# Plow for 04 Jeep Grand Cherokee ??



## SCAPEASAURUSREX (Aug 21, 2001)

In looking through the owners manual it says not to put a plow or winch on this stupid thing cause the dumb air bags will pop ?? whats up whith that ?? ANyone mount a plow on a newer Grand Cherokee and have or not have any problems, Can I do something about the air bags for plowing ?? ughh.. THis is not working as planned ??


----------



## penberth (Feb 16, 2003)

*I don't think so....*

I was looking at different plow manufacturers, and I don't think any company even makes a plow for any year Grand Cherokee. At least I never come across one. Someone else correct me if I am wrong.

As for the winch, I don't believe that. I have seen tons of winches on Grand Cherokees...newer and older. Check out www.jeepsunlimited.com/forums

They have a whole forum on Grand Cherokees. Tons of people have winches on them.


----------



## Pelican (Nov 16, 2001)

SCAPEASAURUSREX, do a search on threads by cappaj1. Pretty entertaining to say the least!


----------



## wyldman (Jan 18, 2001)

While I wouldn't recommend putting a plow on it,it may just be an issue as the safing sensors are quite close to the mount locations for the plow frame.Maybe they could be moved ?


----------



## SCAPEASAURUSREX (Aug 21, 2001)

You know I did not even think of that unibody thing..... I am used to wranglers and older cherokees with frames, Guess I took that for granted... I looked up those threads by cappaj1 .. interesting.. But the pull plow ??? Could a cherokee actually pull that thing loaded with snow ?? I guess maybe I'll look into a plow for my wrangler instead, but its' got 8" of lift in it ... Has anyone put a plow on a lifted truck successfully ?? Obviously custom bracketry will have to be fabricated, but will it work ?? Or would it just look cool .. :??? LOL...


----------



## Pelican (Nov 16, 2001)

There are a few threads here as well about lifted trucks, try a search on "Lift" restricted to the snowplowing forum. I'm opposed to it because it changes the geometry of the forces applied to the framework outside the design, but others here report having success with it.


----------



## wyldman (Jan 18, 2001)

You can make it work with a lifted truck,but it will put a LOT more stress on the truck.
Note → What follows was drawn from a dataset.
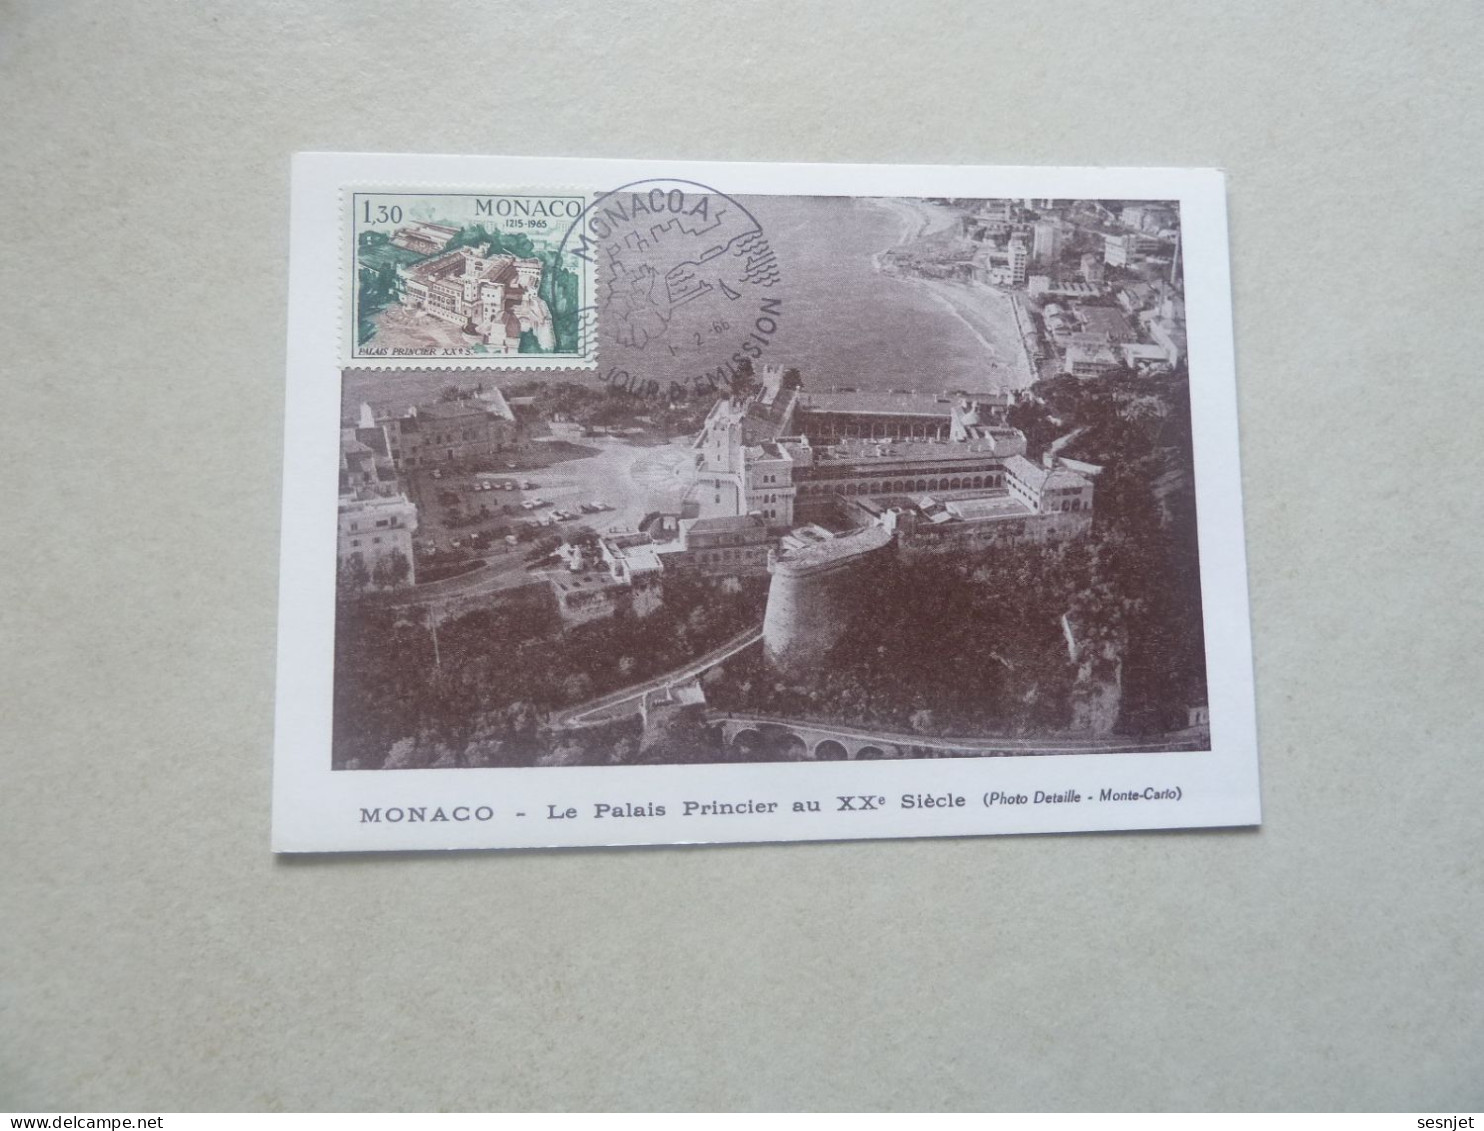 Monaco - Le Palais Au 17ème Siècle - 1f.30 - Yt 682 - Carte Premier Jour D'Emission - Année 1966 - - Cartoline Maximum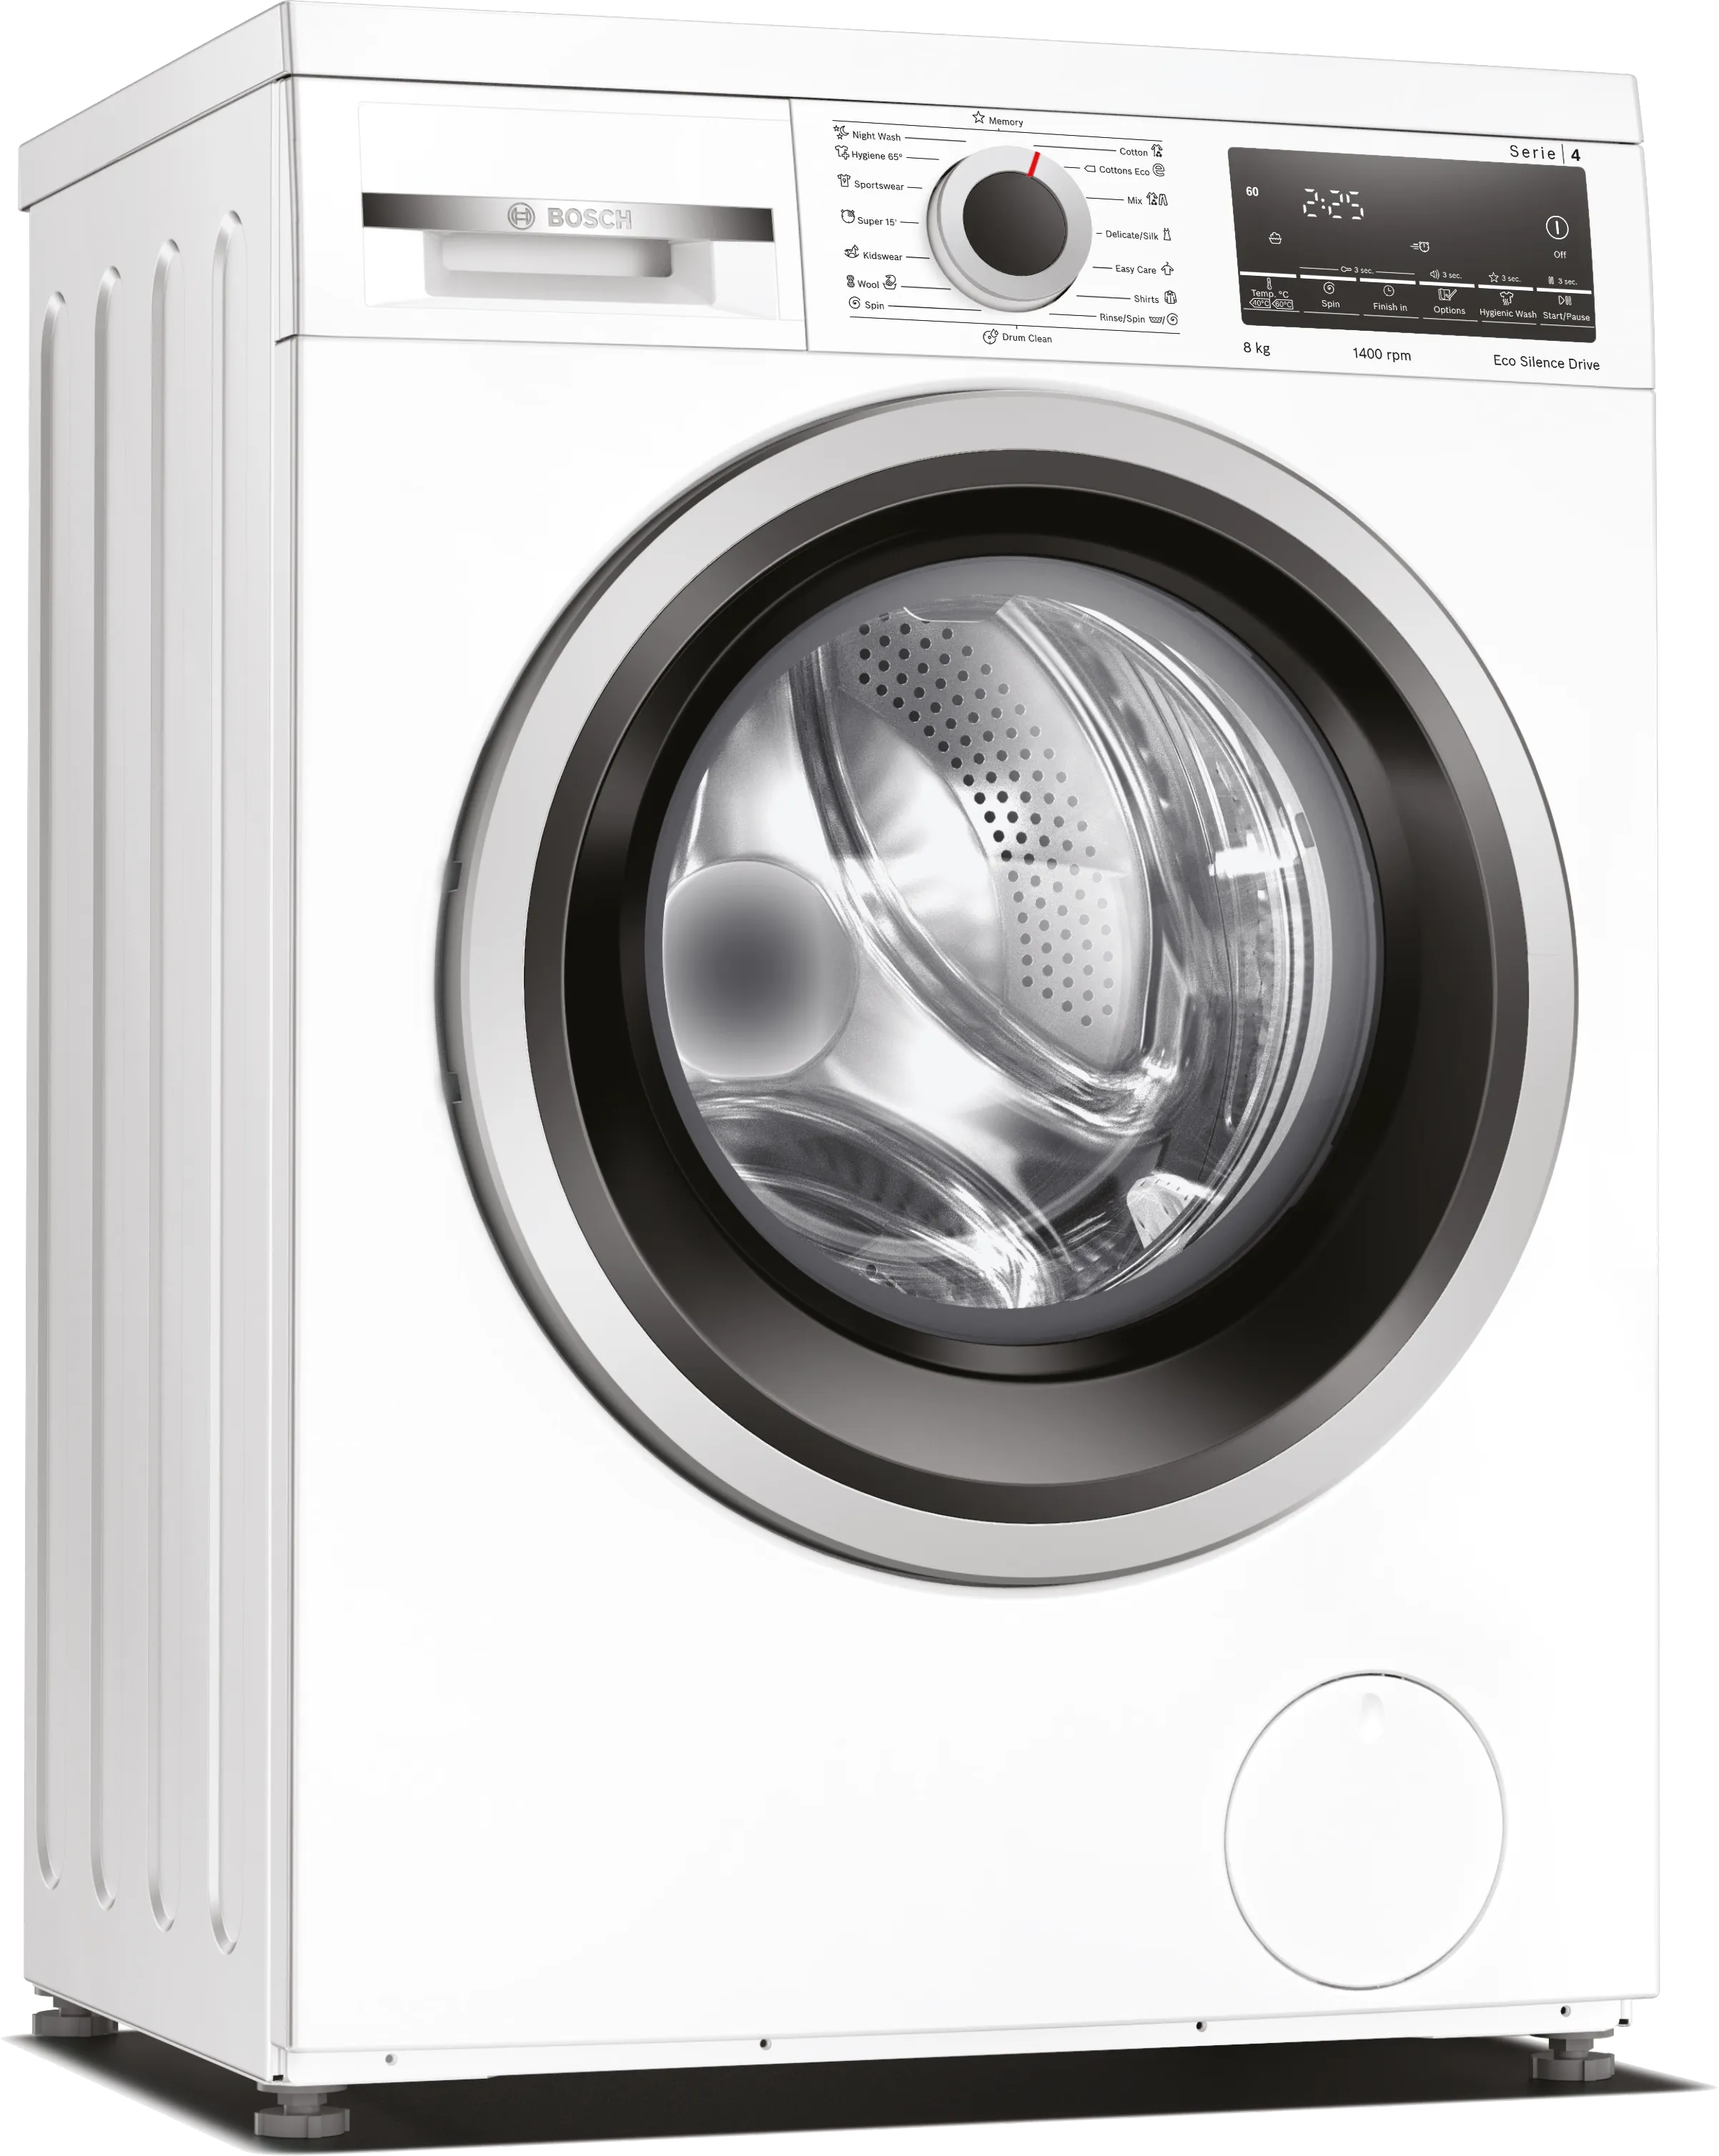 Series 4 washing machine, frontloader 8 kg 1400 rpm

Think of the plow mount frame as a big lever.The further down you move it,the longer it is and the more leverage it has.This leverage is transfered to the front of the truck frame


----------



## CT18fireman (Nov 30, 2000)

When I saw the title I got really scared. Thank goodness for searching. No need to rehash everything.


----------



## Mick (May 19, 2001)

LOL at CT18fireman.

Don't we need some more entertainment?


----------



## penberth (Feb 16, 2003)

> _Originally posted by SCAPEASAURUSREX _
> *You know I did not even think of that unibody thing..... I am used to wranglers and older cherokees with frames, Guess I took that for granted... I looked up those threads by cappaj1 .. interesting.. But the pull plow ??? Could a cherokee actually pull that thing loaded with snow ?? I guess maybe I'll look into a plow for my wrangler instead, but its' got 8" of lift in it ... Has anyone put a plow on a lifted truck successfully ?? Obviously custom bracketry will have to be fabricated, but will it work ?? Or would it just look cool .. :??? LOL... *


Do a search on the forums over at www.jeepsunlimited.com
I remember someone posting a picture of their Yellow TJ with a Meyer plow on it. It was running at least 33s with most likely 3-4.5" of lift. Not too sure about 8", as I am fairly new to plows myself.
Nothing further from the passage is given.